The chlorophyll a level was maintained in the treatment that was applied 1.00 μM Si, in relation to control plants, it reveals that the concentrations of 0.25 μM Si and 1.75 μM Si promote increases, when compared with stress plants; however these concentrations can be considered as sub and supra optimum, because its provoke reduction of chlorophyll a, if compared with control treatment. In agreement with Liang et al. (1996) the silicon decrease the permeability of the plasma membrane of leaf cells, as well as this element improves the ultra structure of the chloroplasts (Liang, 1998). The chlorophyll a is considered as the main photosynthetic pigment in higher plants, in which this pigment is responsible by the light absorption that promotes the start of the photosynthesis process (Taiz and Zeiger, 1998). Husaini and Abdin (2008) studying the salt stress effects in transgenic and wild plants found that wild plants present reduction in chlorophyll content.

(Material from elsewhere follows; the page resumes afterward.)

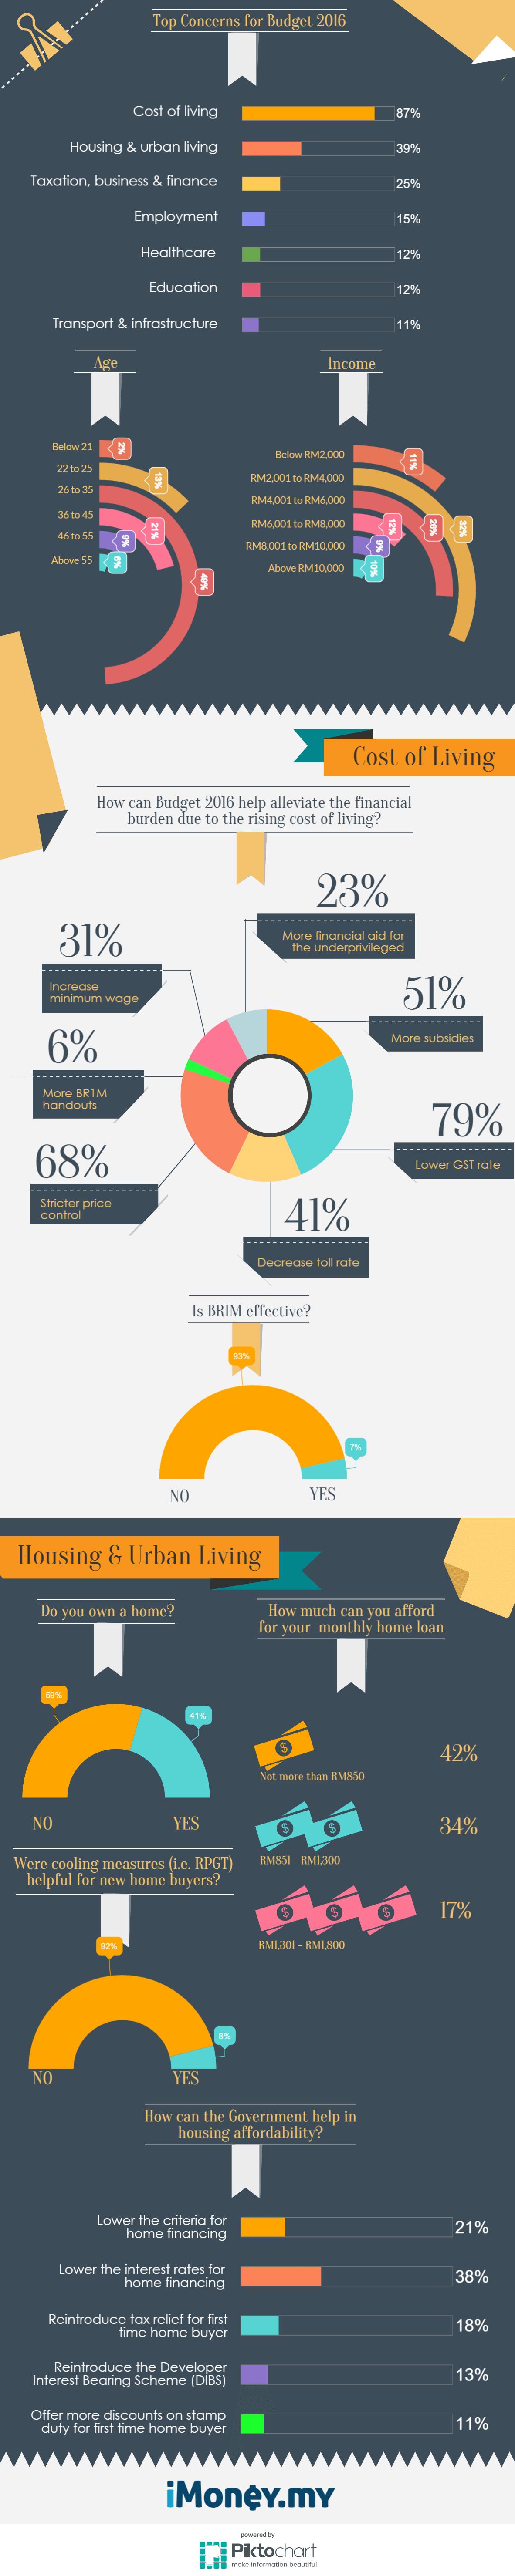 Budget 2016 Survey Results

The maintenance of the chlorophyll b of the plants under stress+silicon action in same level of the control treatment was probably promoted by the increase of antioxidant enzyme activities as superoxide dismutase and catalase (Gong et al., 2005). These enzymes had the function to avoid the oxidative stress provoked during situations of abiotic and biotic stresses (Fadzilla et al., 1997; Liang et al., 2003).

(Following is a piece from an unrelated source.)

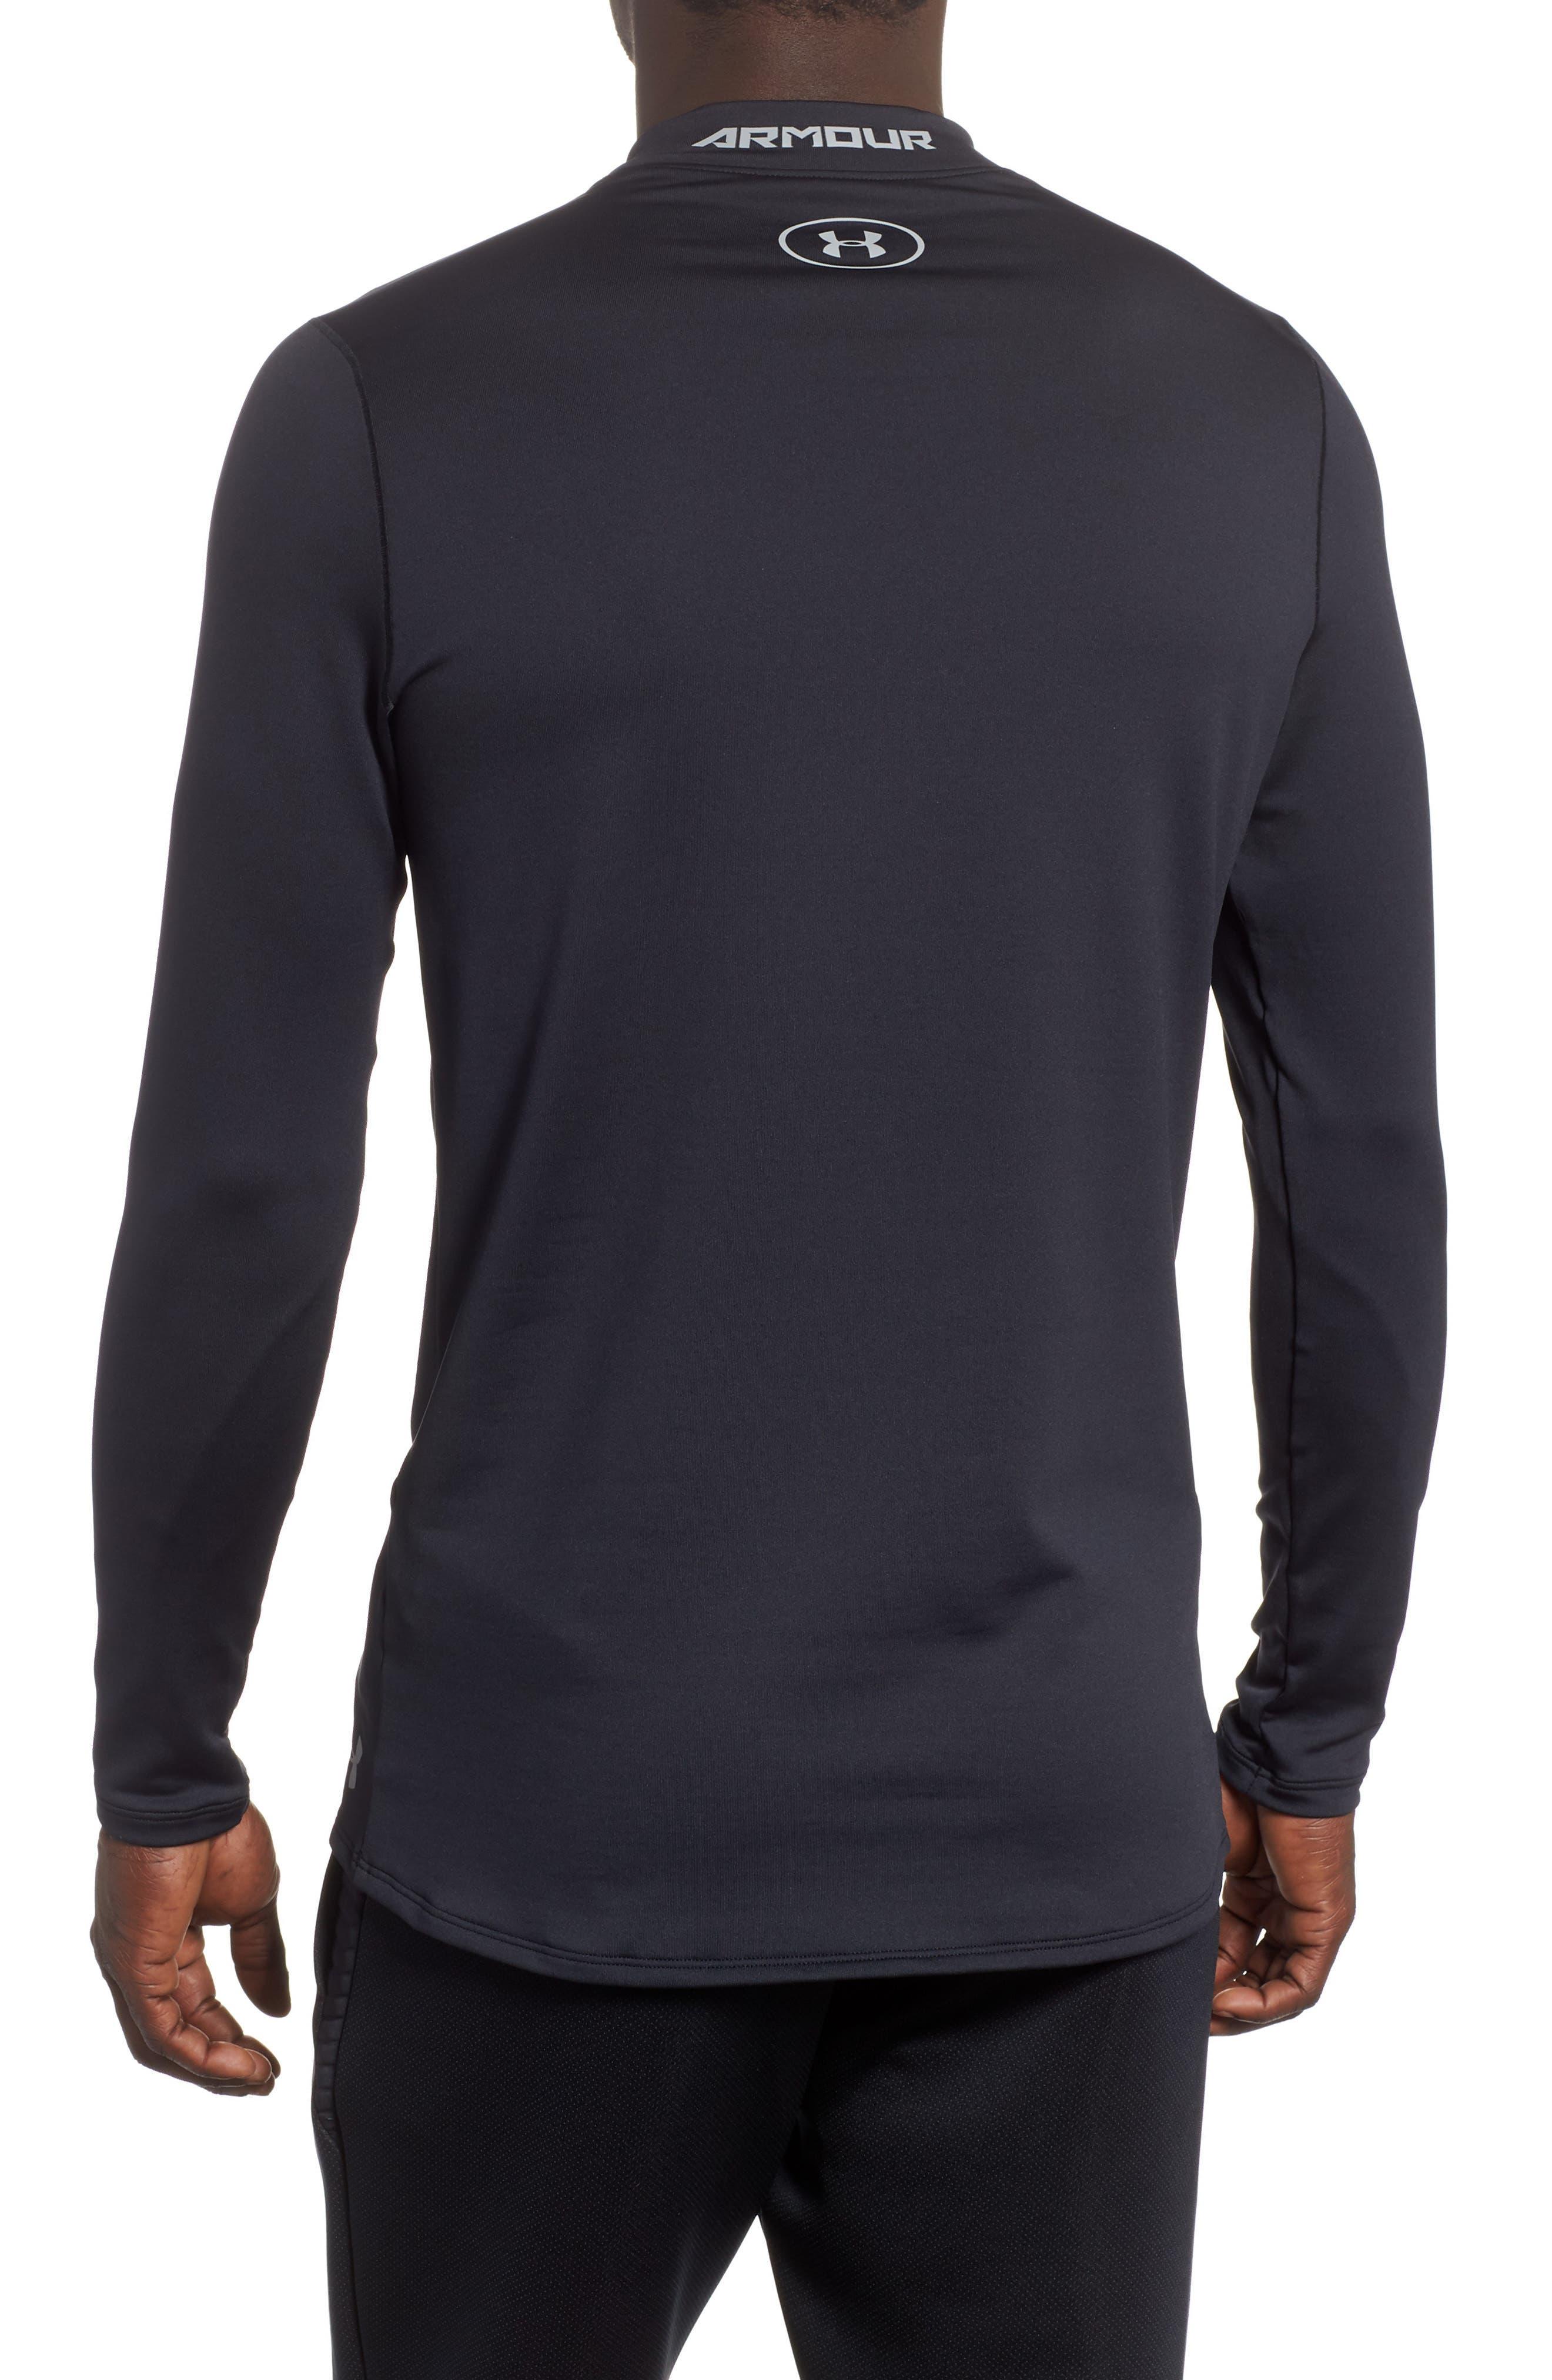 ColdGear<sup>®</sup> Mock Neck Long Sleeve T-Shirt,                             Alternate thumbnail 2, color,                             BLACK/ STEEL

The silicon in the amounts of 0.25 μM Si and 1.00 μM Si promoted attenuation of the effects provoked by the water deficit in carotenoids, as well as it reveals that the stress applied was damaging to this pigment. The carotenoids present functions as light receptor and photo-system protector against reactive oxygen species (Ledford and Niyogi, 2005), which it has the capacity to accumulateβ-carotene and xanthophylls (Telfer, 2002). Lobato et al. (2009) working with Phaseolus vulgaris plants infected by Colletotrichum lindemuthianum pathogen revealed that carotenoids are affects by the stress biotic simulated.

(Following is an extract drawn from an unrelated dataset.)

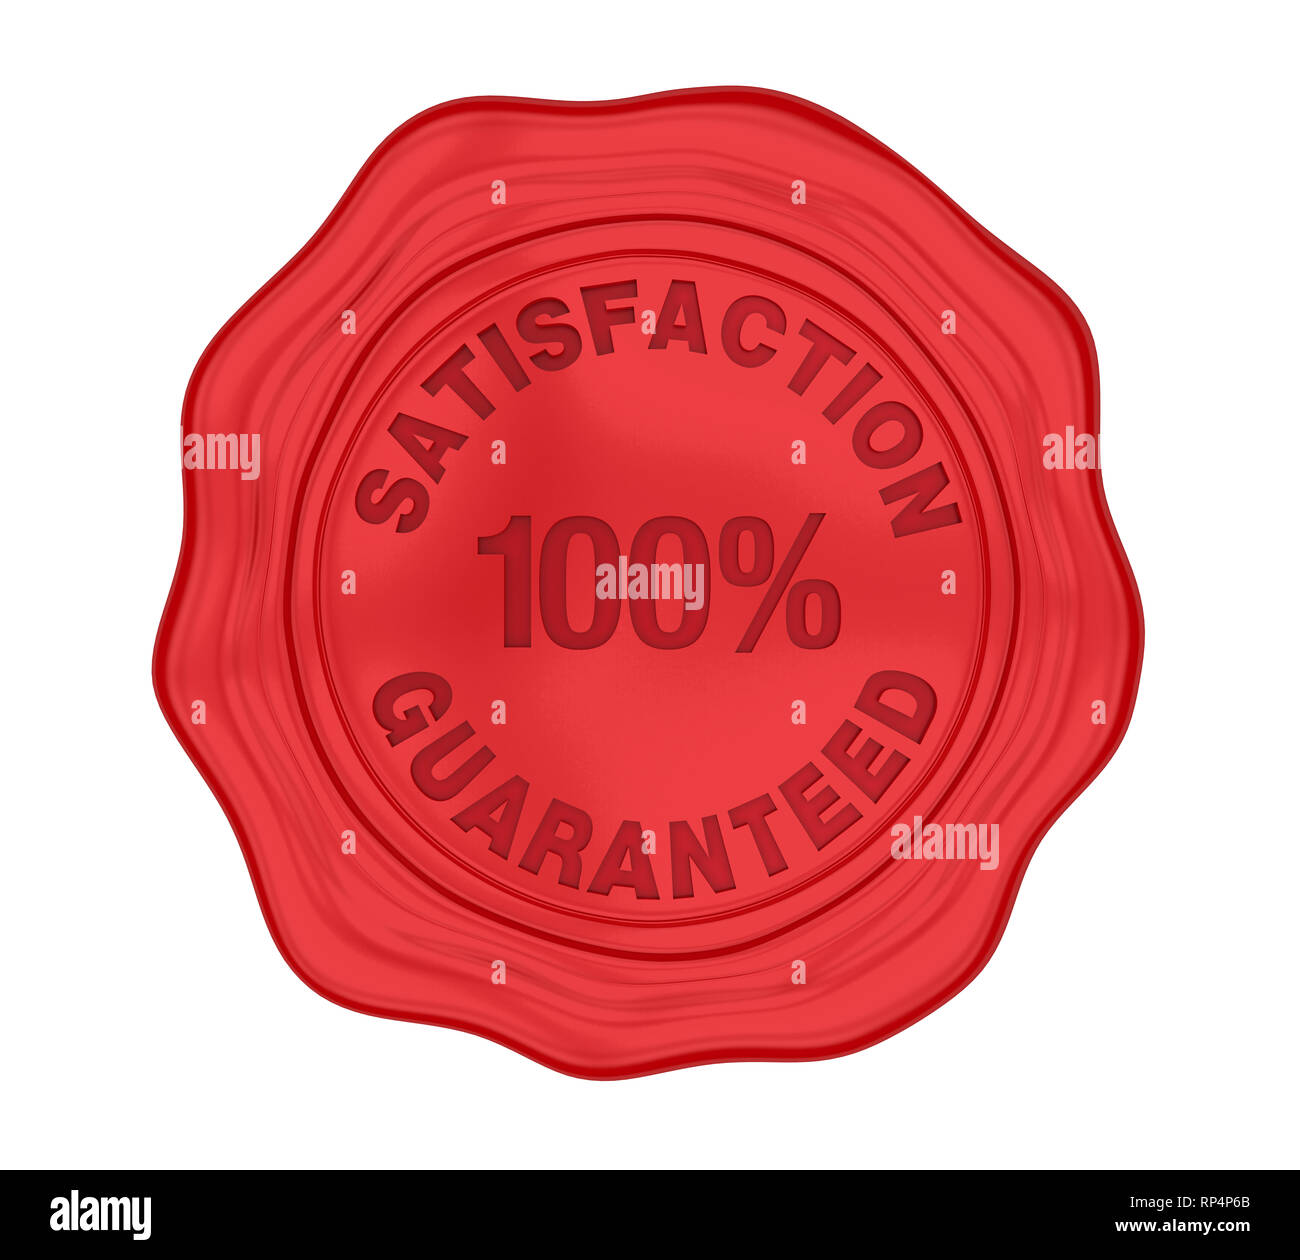 100% Satisfaction Guaranteed Wax Seal Isolated - Stock Image

The maximization in ratio chlorophylls a/b of the plants submitted to silicon is directly linked with the benefits showed in chlorophylls a and b, in which this ratio indicates that the light absorption was increased and consequently the photo-receptor efficiency. The results obtained in this study promoted by silicon are corroborated by the experiment conducted by Ranganathan et al. (2006).

CONCLUSION

The results obtained on water relations and pigments indicated that the silicon increased the tolerance to water deficit, in which the leaf relative water content, transpiration, stomatal conductance, chlorophylls a and b, as well as carotenoids were maintenanced in higher levels, if compared with stress plants. In addition, the ratio chlorophylls a/b under the 1.00 μM Si was to improve that control treatment. This way, this study corroborates the benefic effects of the silicon exogenous application in pepper plants under influences of the water restriction.

ACKNOWLEDGEMENT

This research had financial support from Fundacao de Amparo e Desenvolvimento da Pesquisa (Fadesp/Brazil) to M.A.M. Neto, as well as A.K.S. Lobato, C.F. Oliveira Neto, G.K. Coimbra were supported by undergraduate scholarships from Coordenacao de Aperfeicoamento de Pessoal de Nivel Superior (CAPES/Brazil) and the collaborations of researchers of Universidade Federal Rural da Amazonia (UFRA/Brazil).